Operations Management

The GAI LLMs like NLP techniques are deployed in the operations management subjects such as product lifecycle management, operational excellence, inventory control and sales forecasting (Kang et al., 2020). The study disclosed that an NLP combination of text categorisation algorithms and manual inspection was used to extract supplied information from each imported raw data transaction and unprocessed bill of freight forms (Jain et al., 2014). Moreover, NLP uses sentiment analysis through retrieved data from social media websites to understand the quality of products and services in the firms (Cui et al., 2018). Then, NLP upgrades the flexibility in process by evaluating the company descriptions in 10-K filings to determine how product language overlaps at various industry, intra-industry and inter-industry levels (Hoberg & Philips, 2018).

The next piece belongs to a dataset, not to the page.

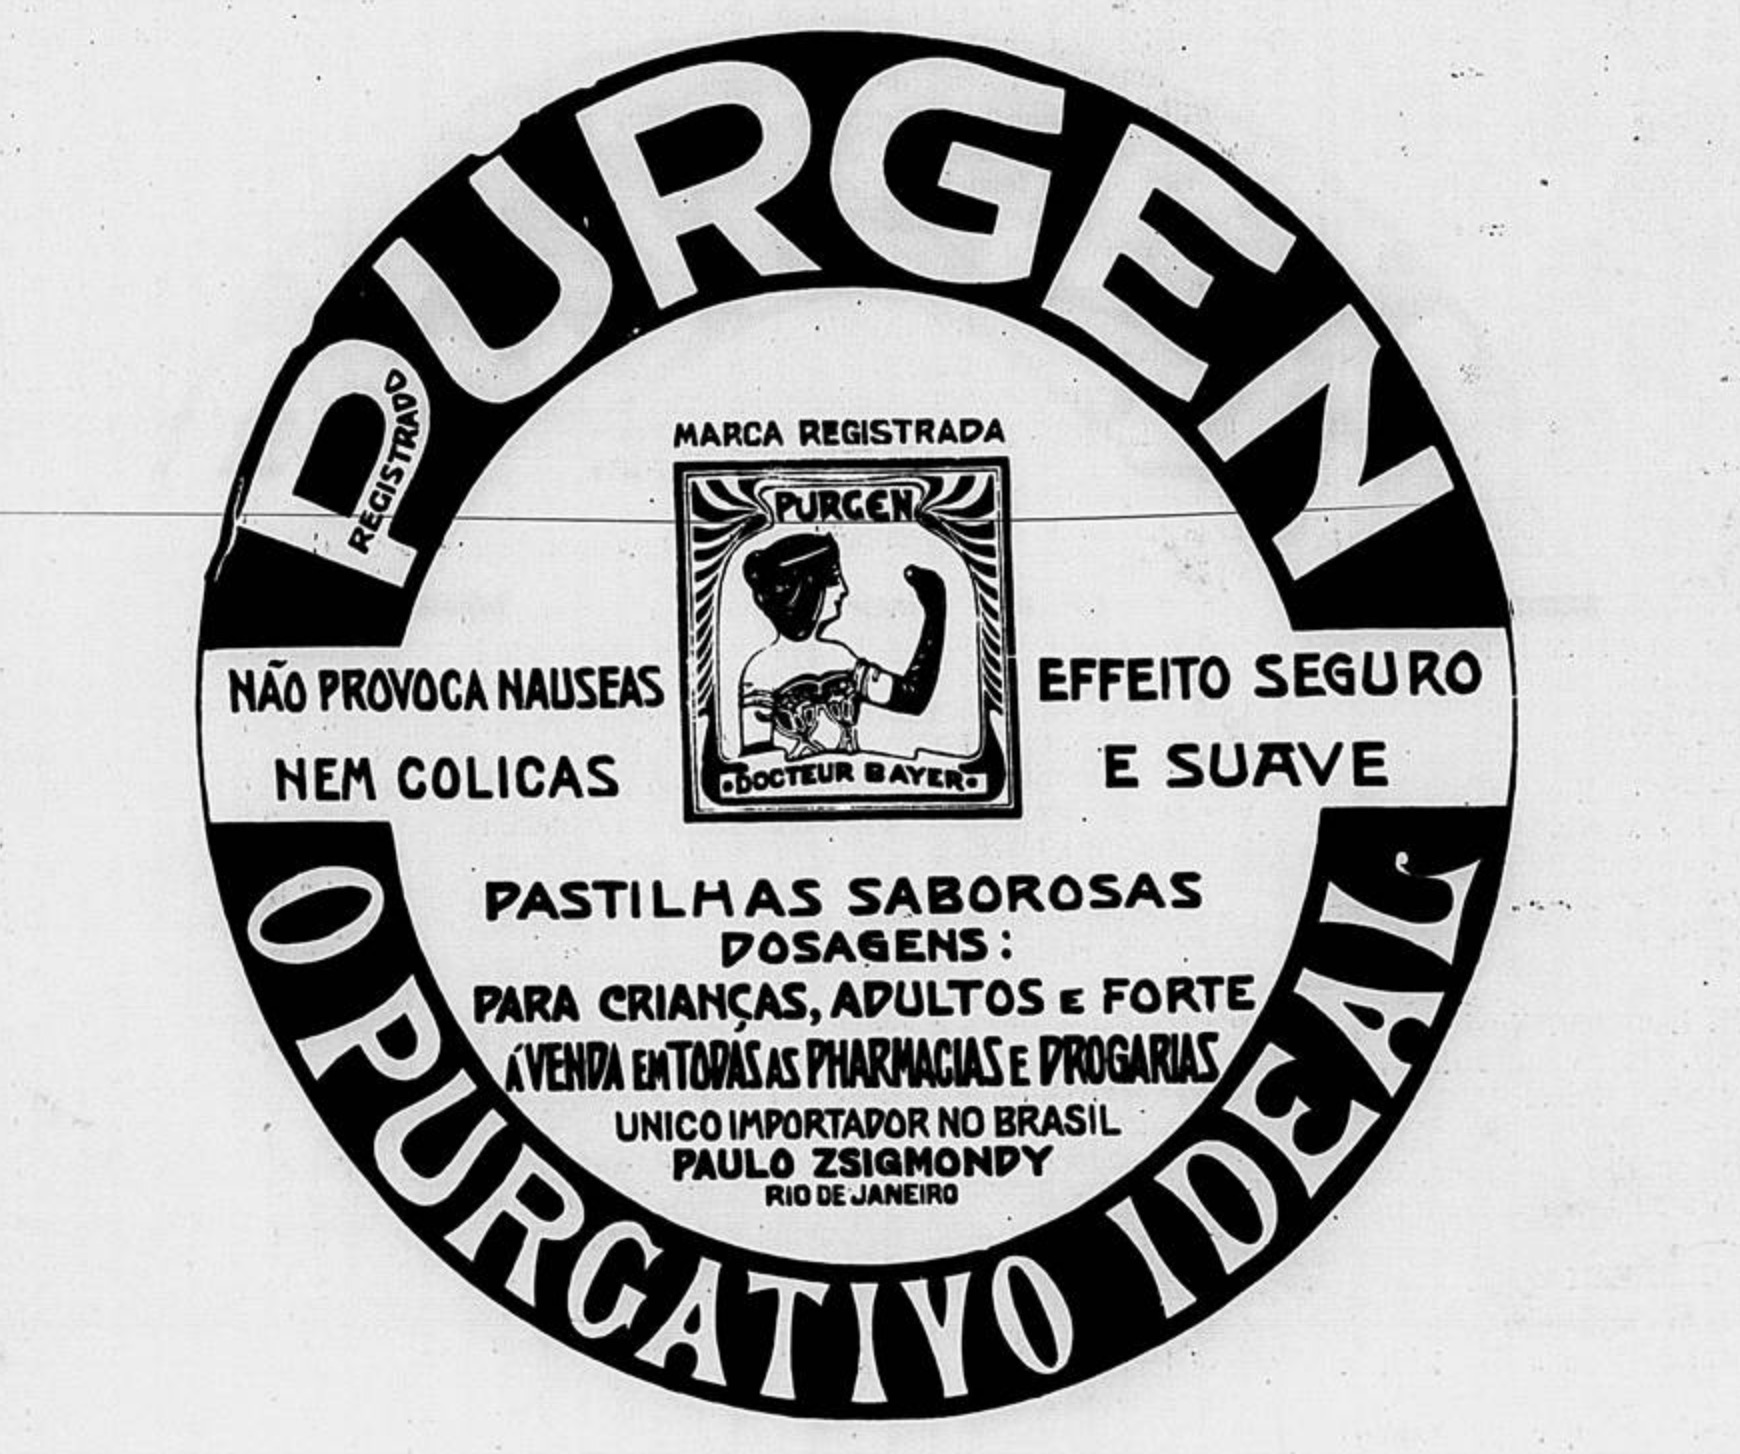 Anúncio veiculado em 1907 promovia o purgativo da marca Purgen

Supply Chain and Logistics Management

The GAI describes the techniques used by AI for sensing and communicating (Pournader et al., 2021). Then, NLP is a language model of AI and its application that involves inventing tools that can carry out tasks when given instructions in human language and magnifies the software and human interfaces (Zanon et al., 2020). As an illustration, the research that investigates how NLP can be used to automatically validate and build supply chain maps for improving architectural insight of a supply chain from unprocessed material including newspapers or blogs (Wichmann et al., 2020). Further, ChatGPT and NLP also contribute and encourage flexibility in route optimisation by analysing logistical data and providing suggestions to expedite delivery and reduce costs (Trivedi, 2023). ChatGPT automates tedious, repetitive procedures such as invoicing and giving real information availability for all stakeholders and decreasing the chance of misconceptions and errors by strengthening supply chain communication, smart manufacturing, automated customer service, optimising the inventory and warehouse, proper routing, and it enhances customer satisfaction in industry 4.0 (Hose et al., 2023; Trivedi, 2023). For example, FedEx avails NLP as a chatbot to comprehend client queries and provide real-time information on cargo status, delivery timetables and customs clearance. NLP assisted the FedEx firm to increase customer satisfaction and decrease the strain on their customer service crew (Trivedi, 2023). Lastly, through ChatGPT, OpenAI promotes flexibility by simplifying the logistics industry to foster green supply chain operational process, and it delivers information that is not only timely but also corrects errors and achieves client satisfaction with prompt responses and delivery (Brown, 2023; Dhillon et al., 2023).

Human Resource Management

Human resources are among the most sophisticated and imperfect company areas (Joshbersin, 2023; Varsha & Shree, 2023). The emergence and function of ChatGPT GAI generates content for position description, expertise guidelines, understanding layouts, orientation and training and transition tools. Further, this emerging technology constructs skills patterns, knowledge models and applicant profiles for recruitment. Again, ChatGPT assesses and amplifies compensation, salary standards and awards. Lastly, ChatGPT brings flexibility in the human resource domain which contributes to employers and assists managers and employees in terms of implementation of performance management and evaluation, mentoring, leadership training, mental health and well-being (Joshbersin, 2023).

Strategic Management

Another distinguishing feature of new entrepreneurs is a lack of management experience, and the advice given by their colleagues has been determined to impact the performance of their start-up (Chatterji et al., 2019). It is critical for mature companies to achieve innovative thinking in order to gain a competitive advantage. Thus, firms use natural language processing (NLP) to sanitise app descriptions and measure two concepts to attain flexibility: prototype resemblance and exemplar comparability (Barlow et al., 2019). The study disclosed the usage of topic modelling to retrieve 100 themes from the USPTO (United States Patent and Trademark Office) document abstract and to regulate whether patents originated as novel ideas. They chose all patents that exceeded a threshold controlled by three expert coders and were weighted for topic, as well as those that appeared within the first 12 months of topic formation from the entrepreneurs (based on application date) (Kaplan & Vakili, 2015).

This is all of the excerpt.